Friday 12 April 2013

It's Could Be Motion Bur, Or You Could Just Be Drunk

You stagger forward through the dark alleys of some dirty, polluted city. You should not have had that drinking contest with that russian at the pub but the look on his face as he passed out was priceless. Your vision beings to blur, each movement of everything you see blending with the next. You wonder what is happening; its simple, its called being drunk. Now when this happens to a character in a videogame its called motion blur. There are a few ways of creating motion blur such as through the accumulation buffer or through the use of per-pixel motion vectors. I will be briefly going over both.


First let us go over the accumulation buffer method of creating motion blur. Firstly what is the accumulation buffer? the accumulation buffer is essentially a feature of Opengl that stores images from the draw buffer (the draw buffer takes in images in whatever perspective the user is currently set to). But the thing about the accumulation buffer is that it takes the images it got from the draw buffer  multiplies them by a decay value (the decay value is how much of the image or frame is left visible) before inputting them into the current draw buffer. So when the scene is finally drawn on the computer screen you see multiple frames at once but with varying opacity. This method is easy to implement but presents an unrefined look. 

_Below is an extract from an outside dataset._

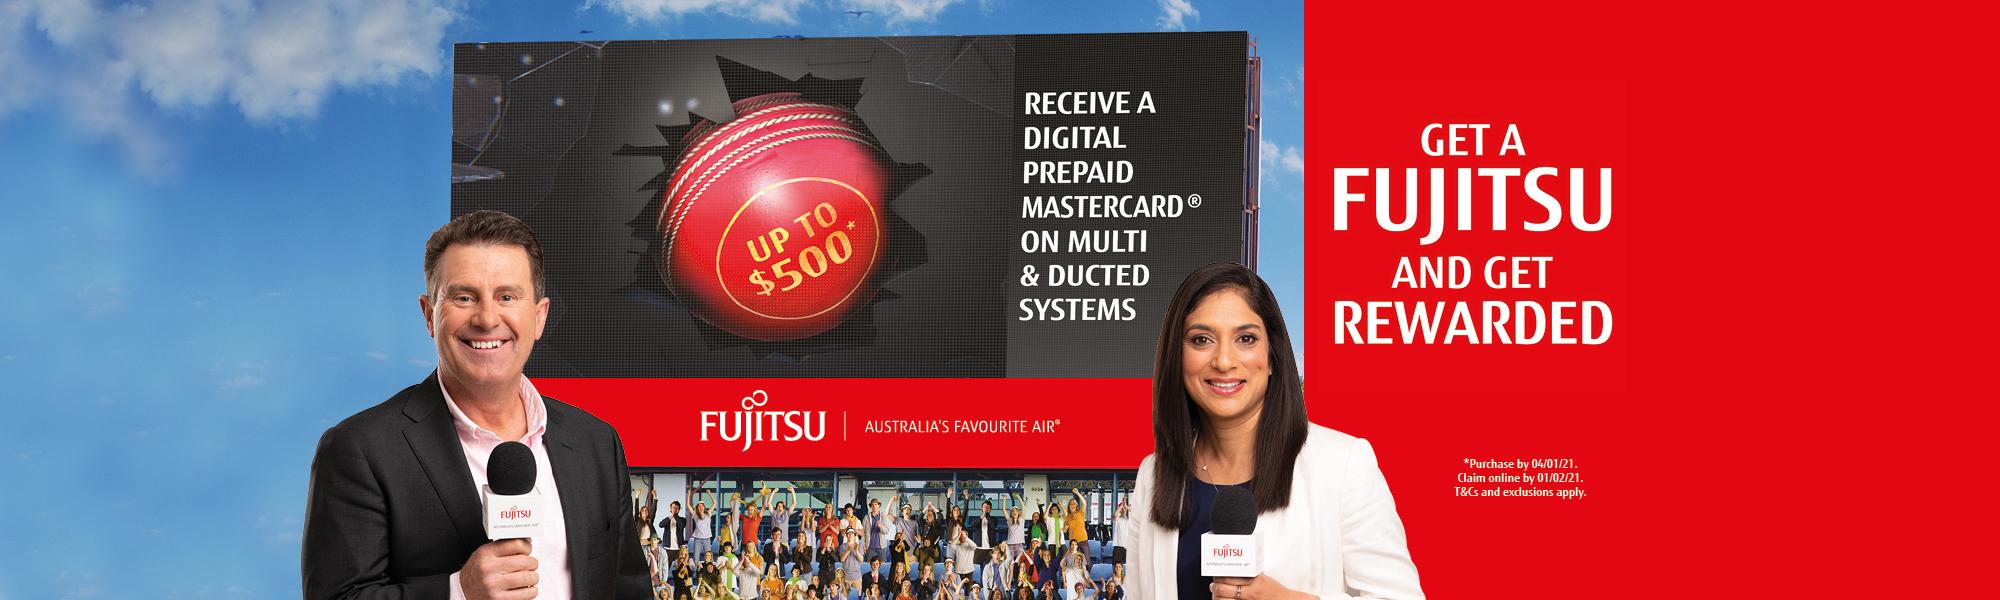 fujitsu-promotion
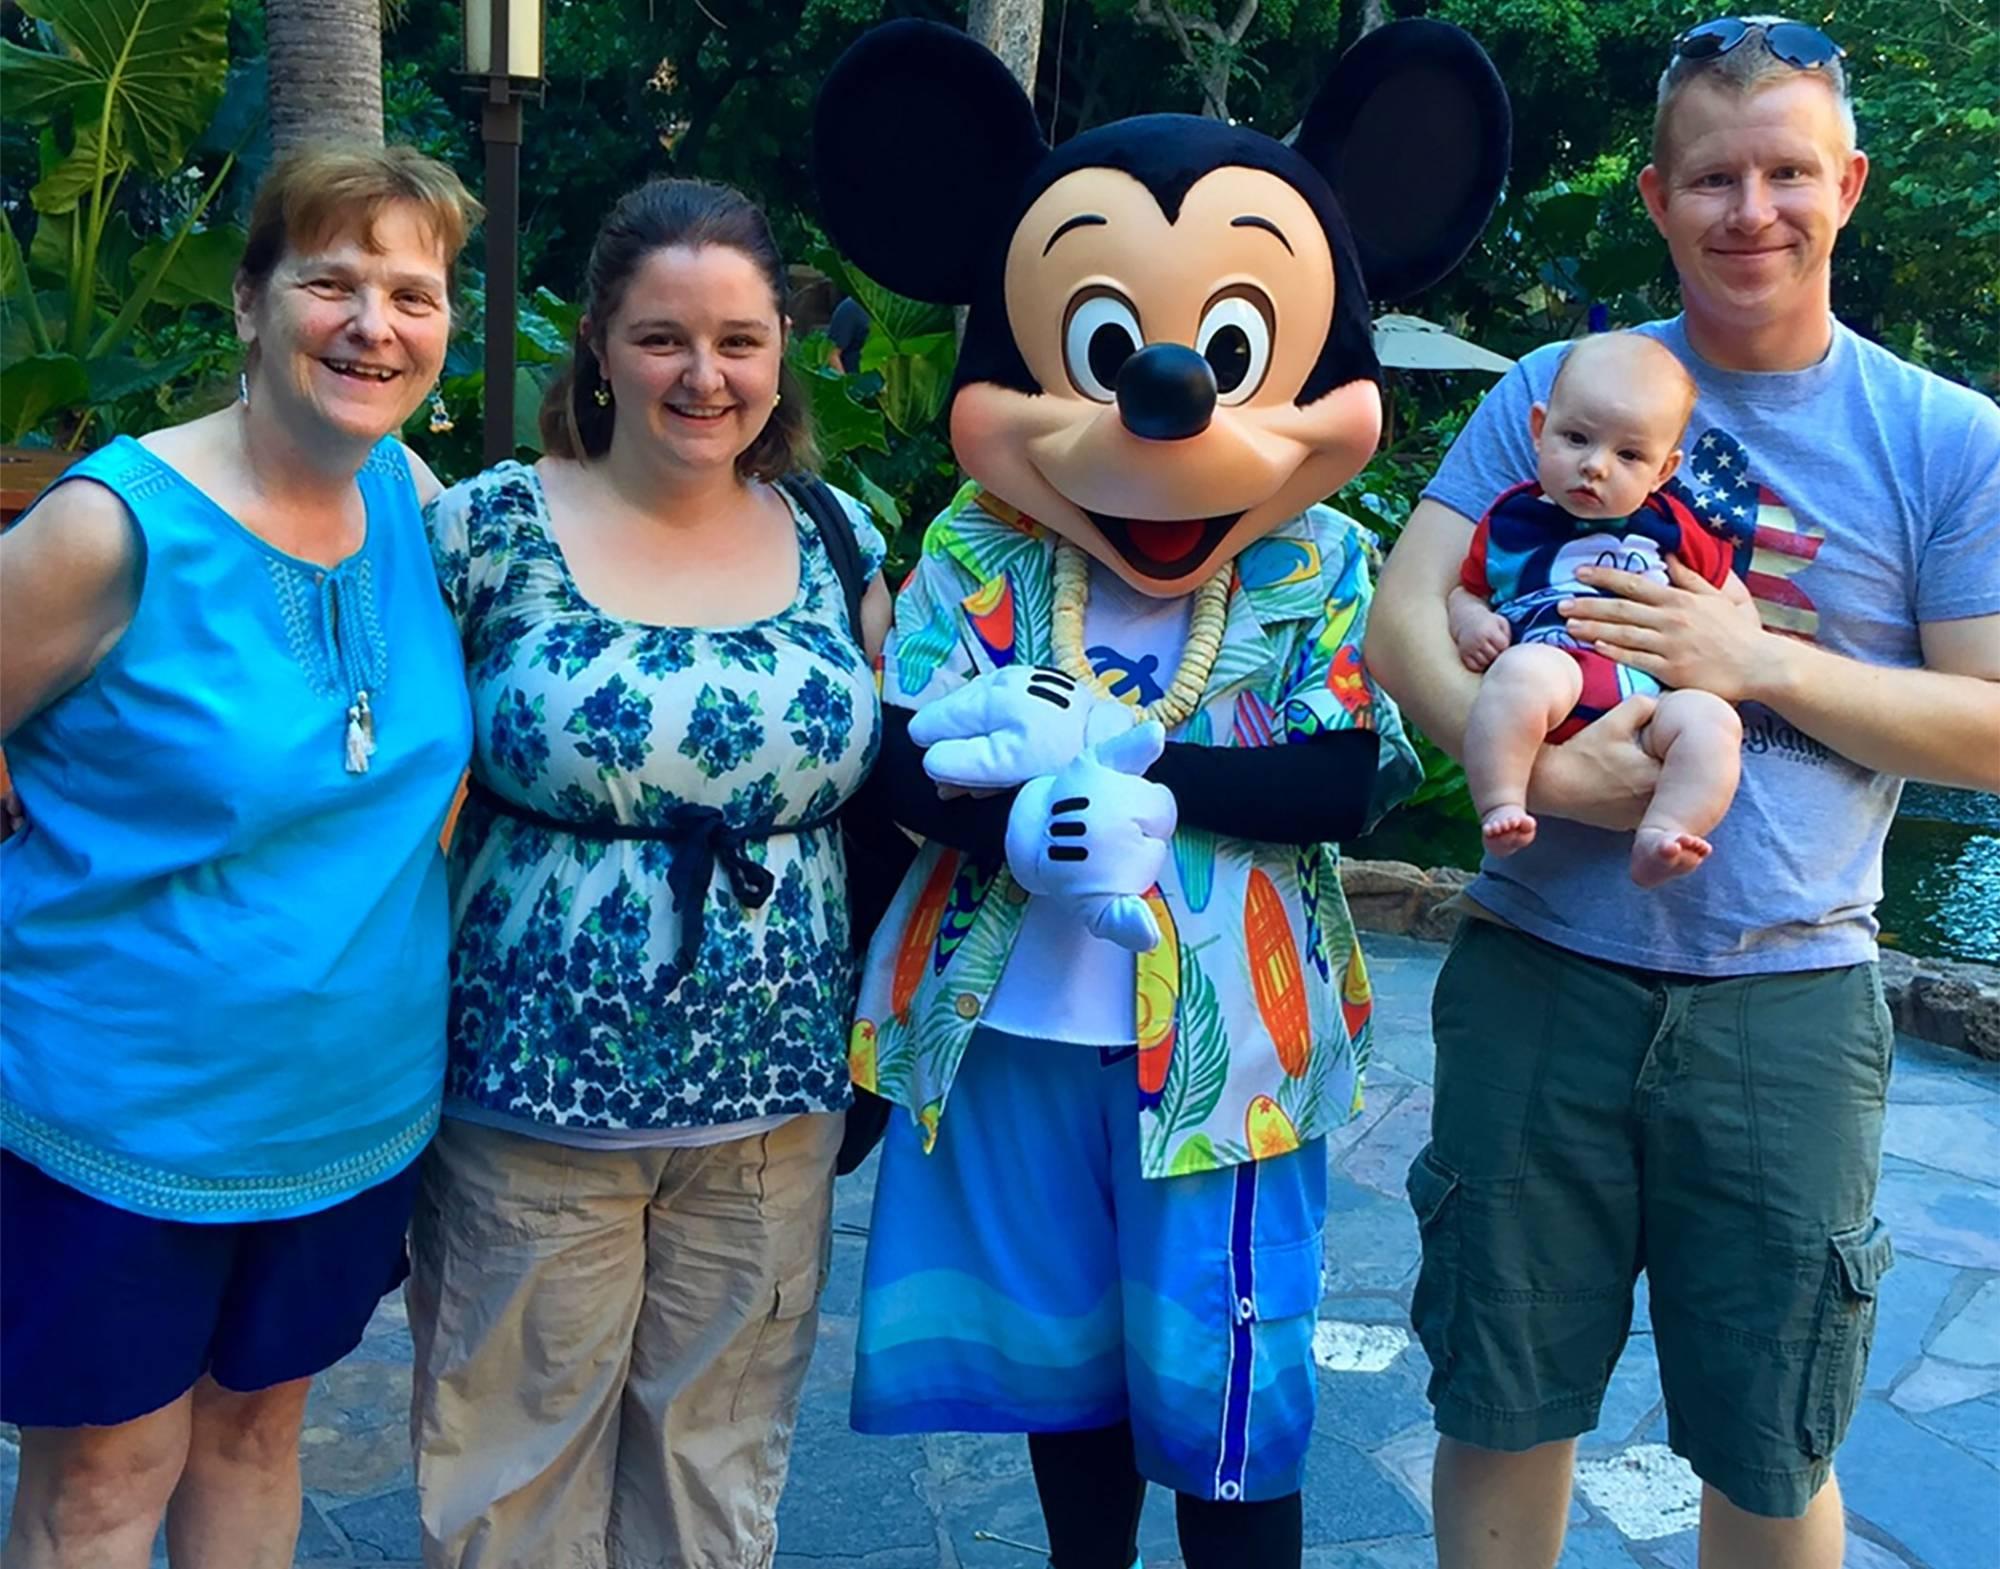 Enjoy breakfast with Mickey Mouse at Aulani - A Disney Resort and Spa in Ko Olina, Hawaii |PassPorter.com

Per-pixel motion vectors on the other hand give a much more smoother blur as oppose the accumulation buffer. How it does this is that it first uses a pixel shader with values taken from the depth buffer to calculate the location of each pixel in a scene relative to the world and in alignment with the view-projection matrix presently being used. Now the difference in pixel positions from the previous frame and the current frame is calculated to give a vector, a per-pixel velocity vector. This can be used to accumulate samples from the frame buffer which are then averaged to create the blur.